Above: Using the USC researchers’ method, an autonomous driving system would still be able to learn safe driving skills from “watching” imperfect demonstrations, such this driving demonstration on a racetrack. Source credits: Driver demonstrations were provided through the Udacity Self-Driving Car Simulator.
Learning from demonstrations
Learning from demonstrations is becoming increasingly popular in obtaining effective robot control policies — which control the robot’s movements — for complex tasks. But it is susceptible to imperfections in demonstrations and also raises safety concerns as robots may learn unsafe or undesirable actions.

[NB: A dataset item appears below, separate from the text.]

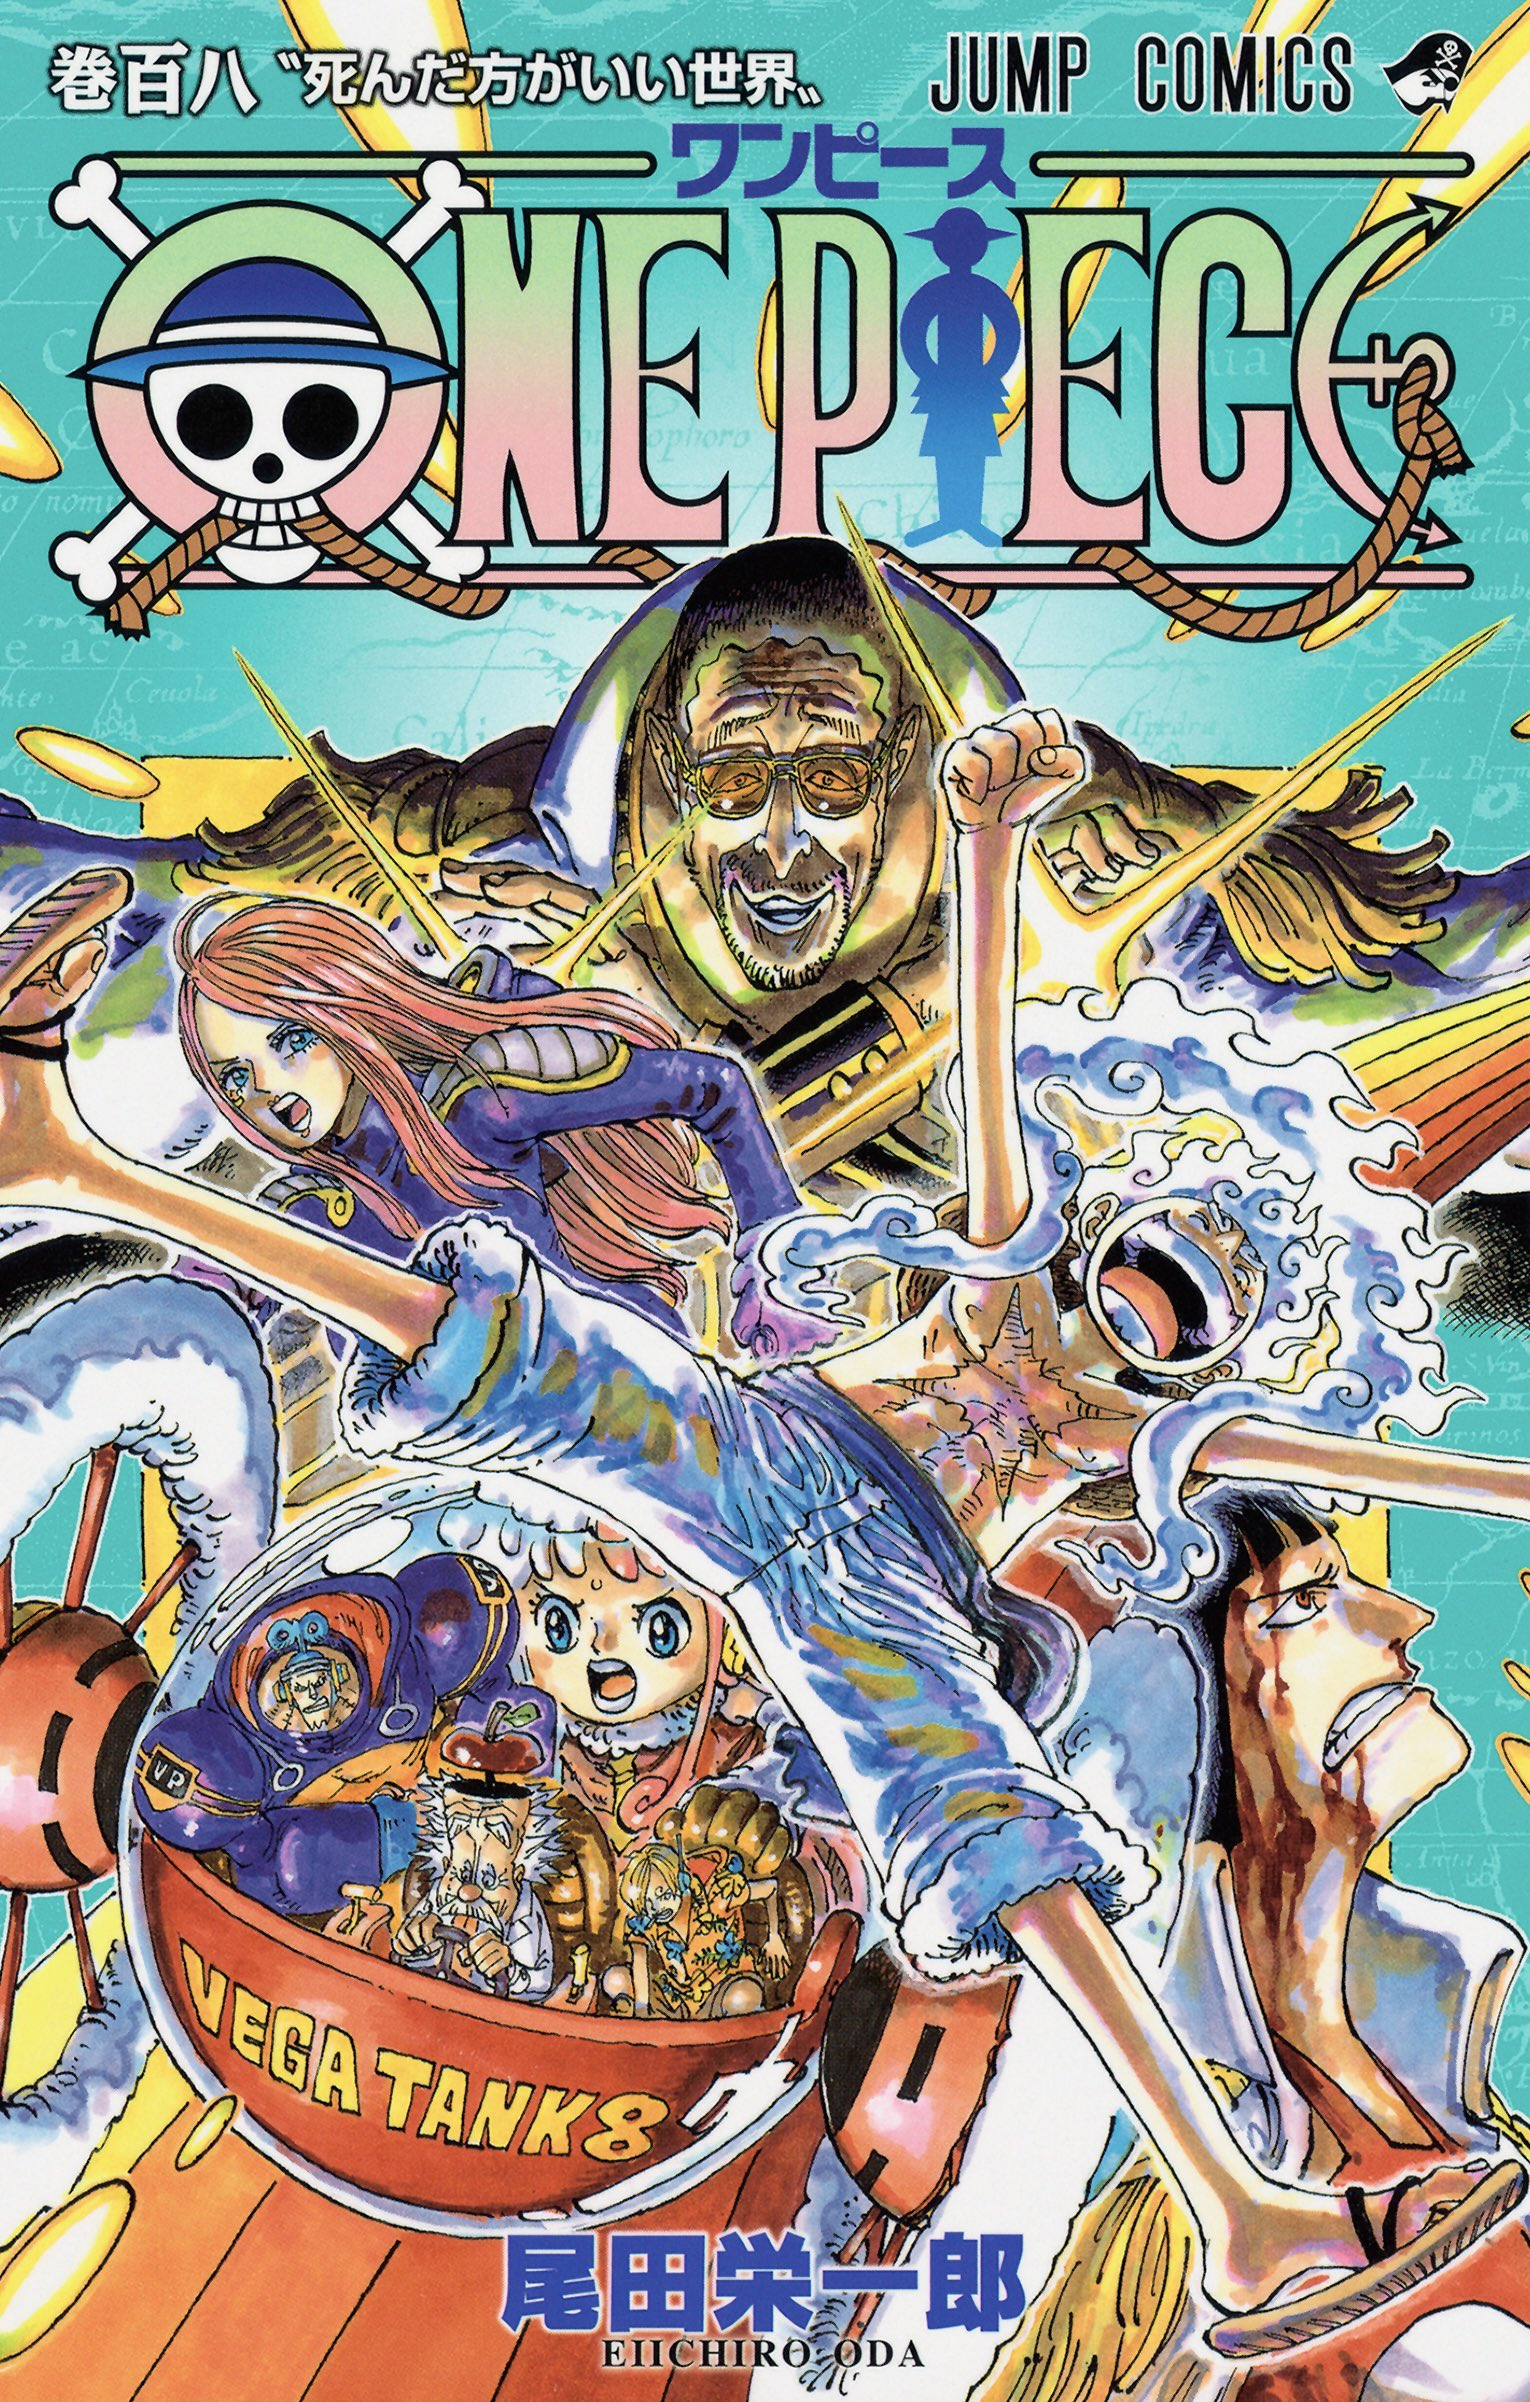 One Piece Manga Vol. 102, 103, 104, 105, 106 Set - Japanese Edition - Brand  New

Also, not all demonstrations are equal: some demonstrations are a better indicator of desired behavior than others and the quality of the demonstrations often depends on the expertise of the user providing the demonstrations.
To address these issues, the researchers integrated “signal temporal logic” or STL to evaluate the quality of demonstrations and automatically rank them to create inherent rewards.
In other words, even if some parts of the demonstrations do not make any sense based on the logic requirements, using this method, the robot can still learn from the imperfect parts. In a way, the system is coming to its own conclusion about the accuracy or success of a demonstration.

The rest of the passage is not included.